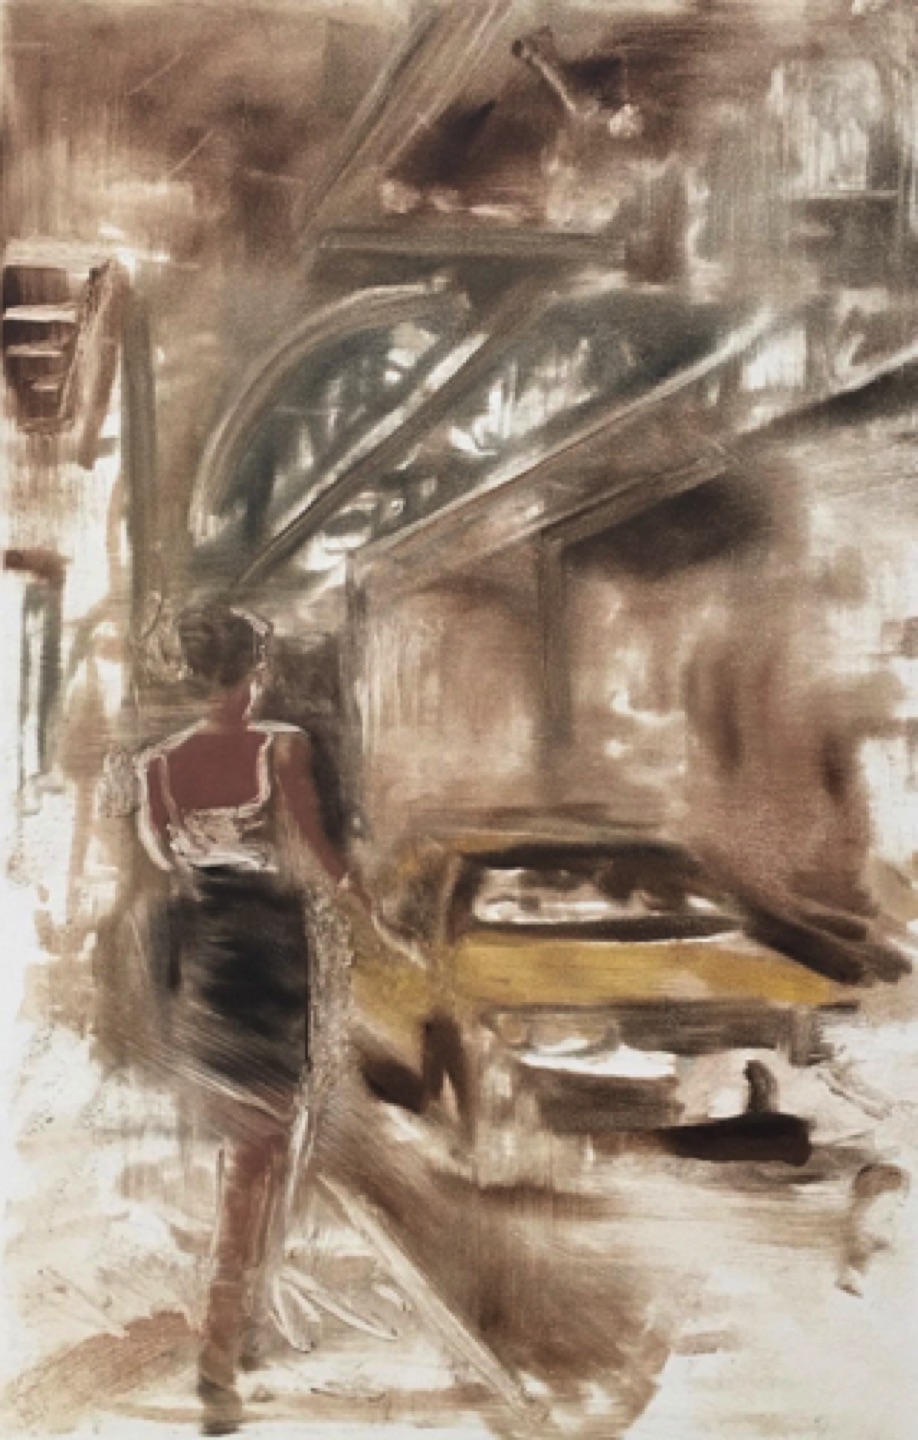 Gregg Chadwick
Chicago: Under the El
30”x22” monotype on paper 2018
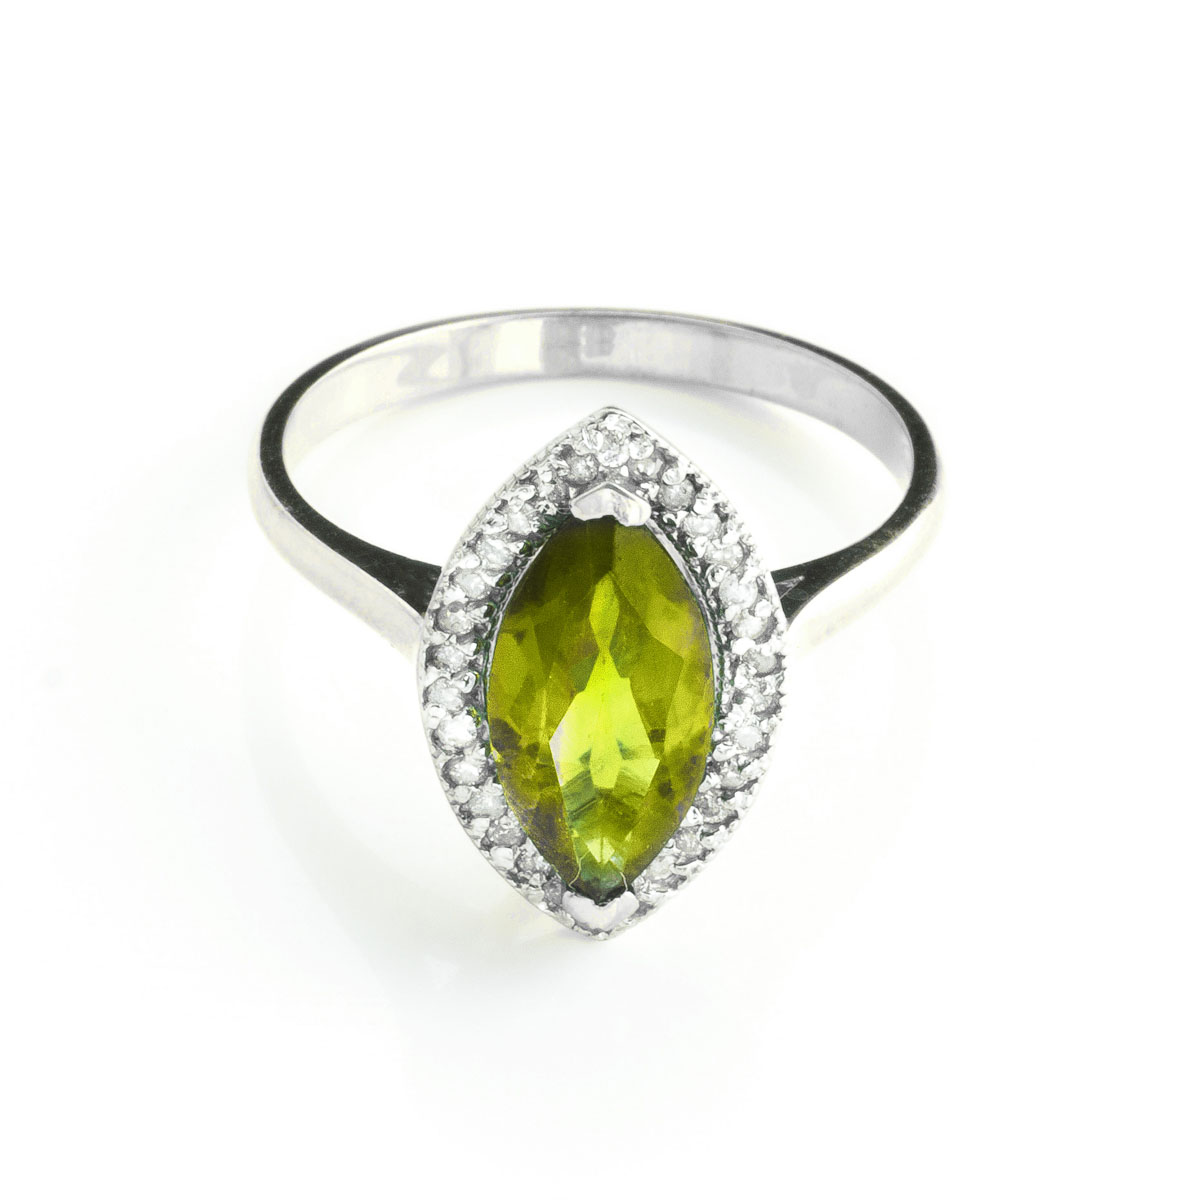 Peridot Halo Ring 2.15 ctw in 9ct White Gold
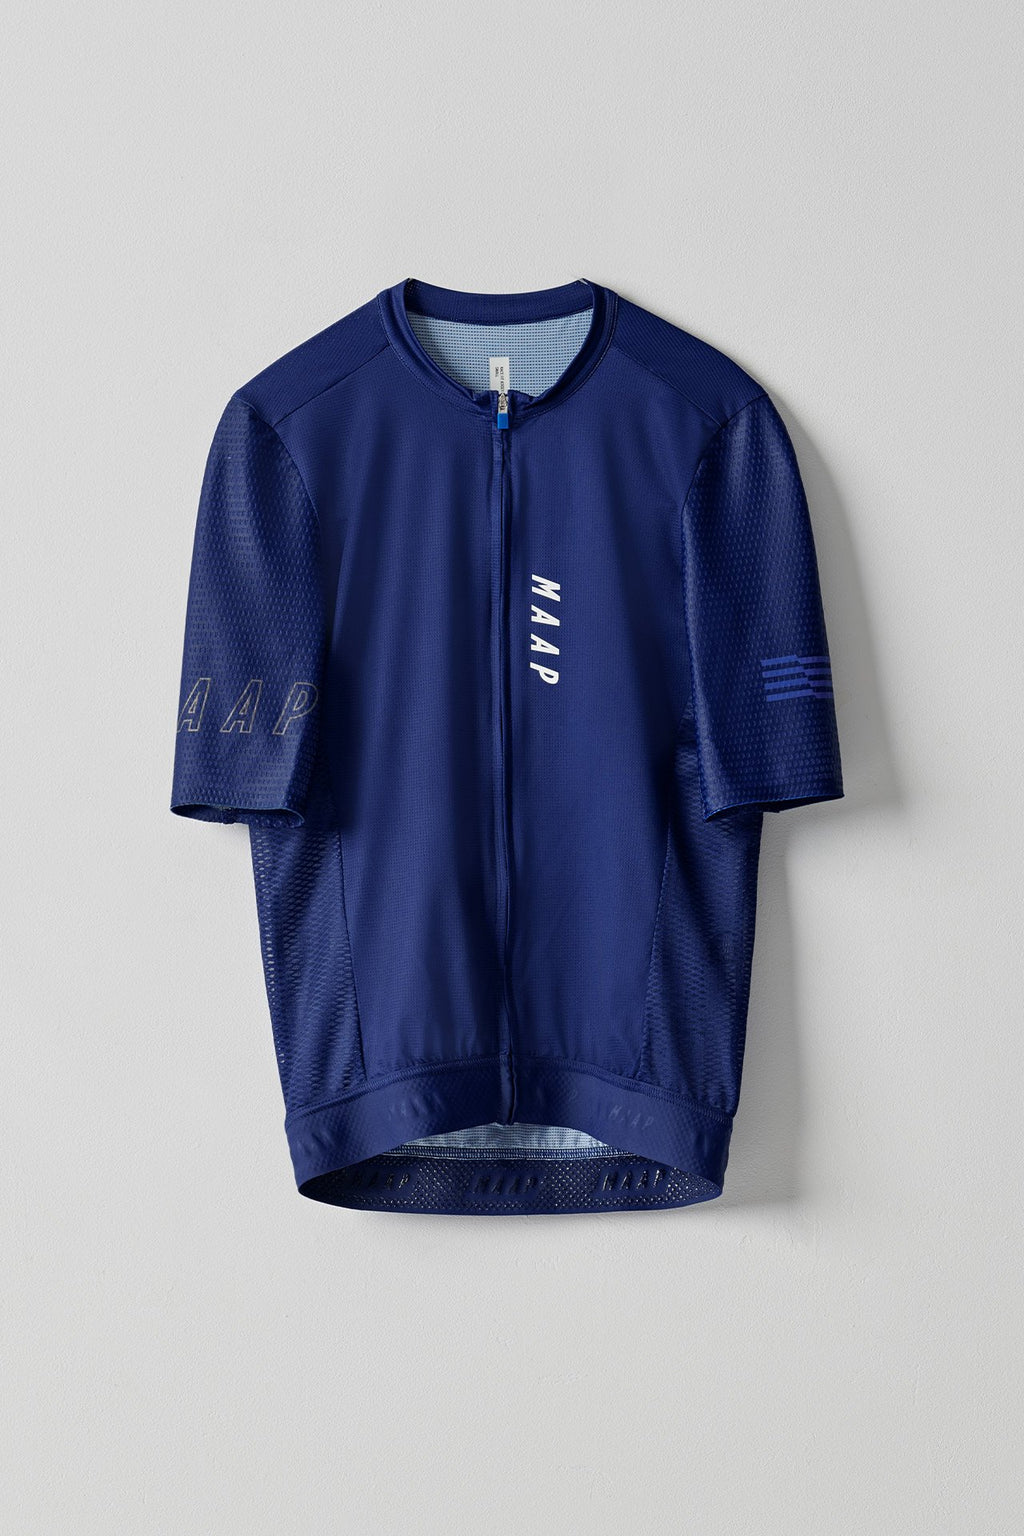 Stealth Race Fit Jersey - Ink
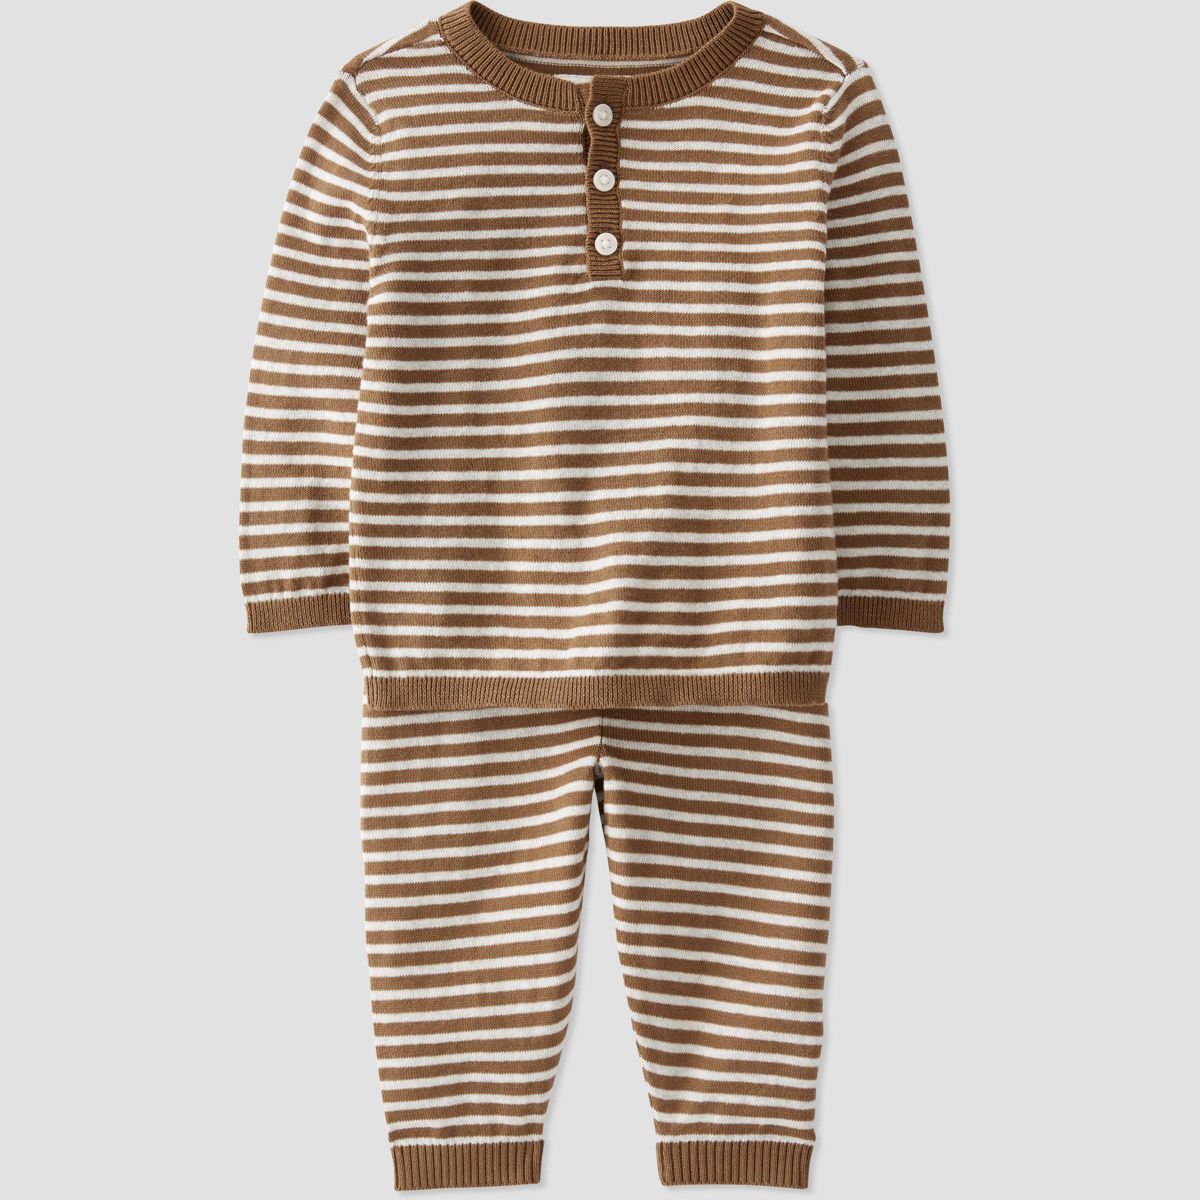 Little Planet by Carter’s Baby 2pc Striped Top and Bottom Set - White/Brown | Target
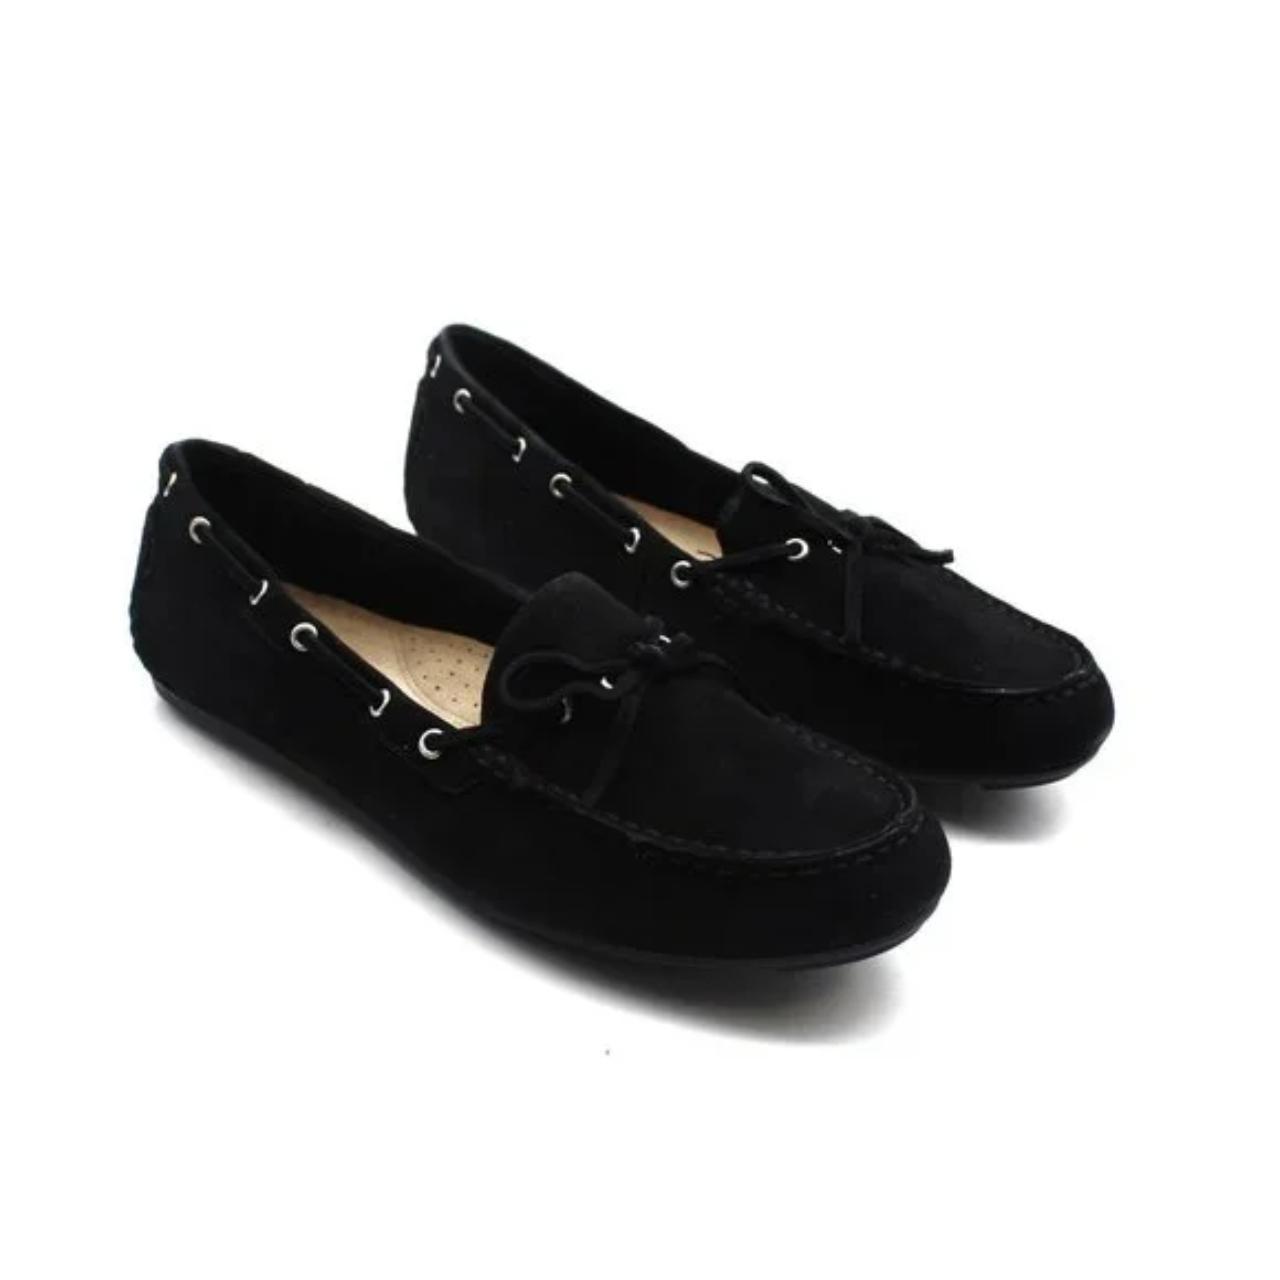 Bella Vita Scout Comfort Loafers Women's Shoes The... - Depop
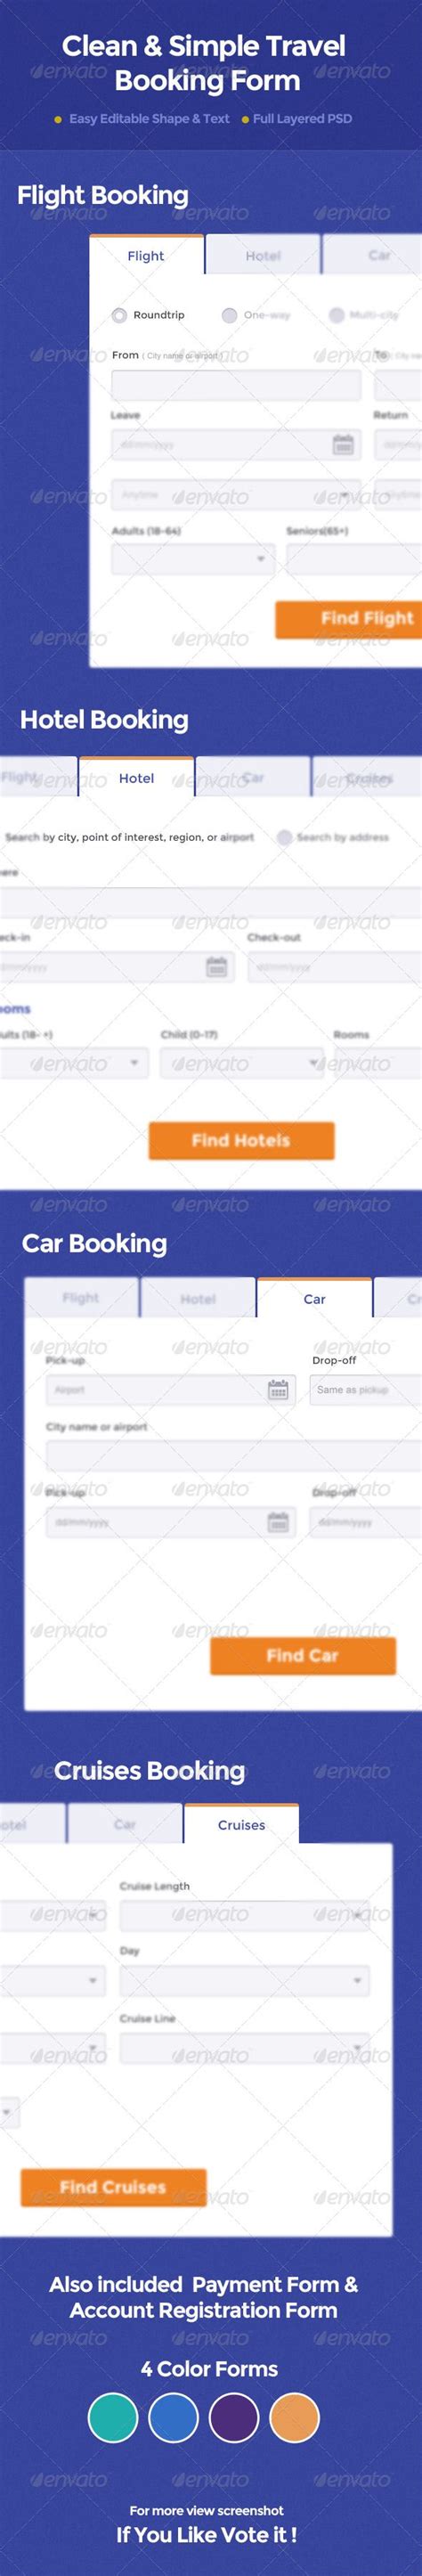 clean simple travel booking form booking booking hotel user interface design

══════════

What is needed is an exact repeat of the records, with every picture left out.

COMPLETED EXERCISE =>
 Gregg Chadwick
Chicago: Under the El
30”x22” monotype on paper 2018
 Peridot Halo Ring 2.15 ctw in 9ct White Gold
 Stealth Race Fit Jersey - Ink
 Little Planet by Carter’s Baby 2pc Striped Top and Bottom Set - White/Brown | Target
 Bella Vita Scout Comfort Loafers Women's Shoes The... - Depop
 clean simple travel booking form booking booking hotel user interface design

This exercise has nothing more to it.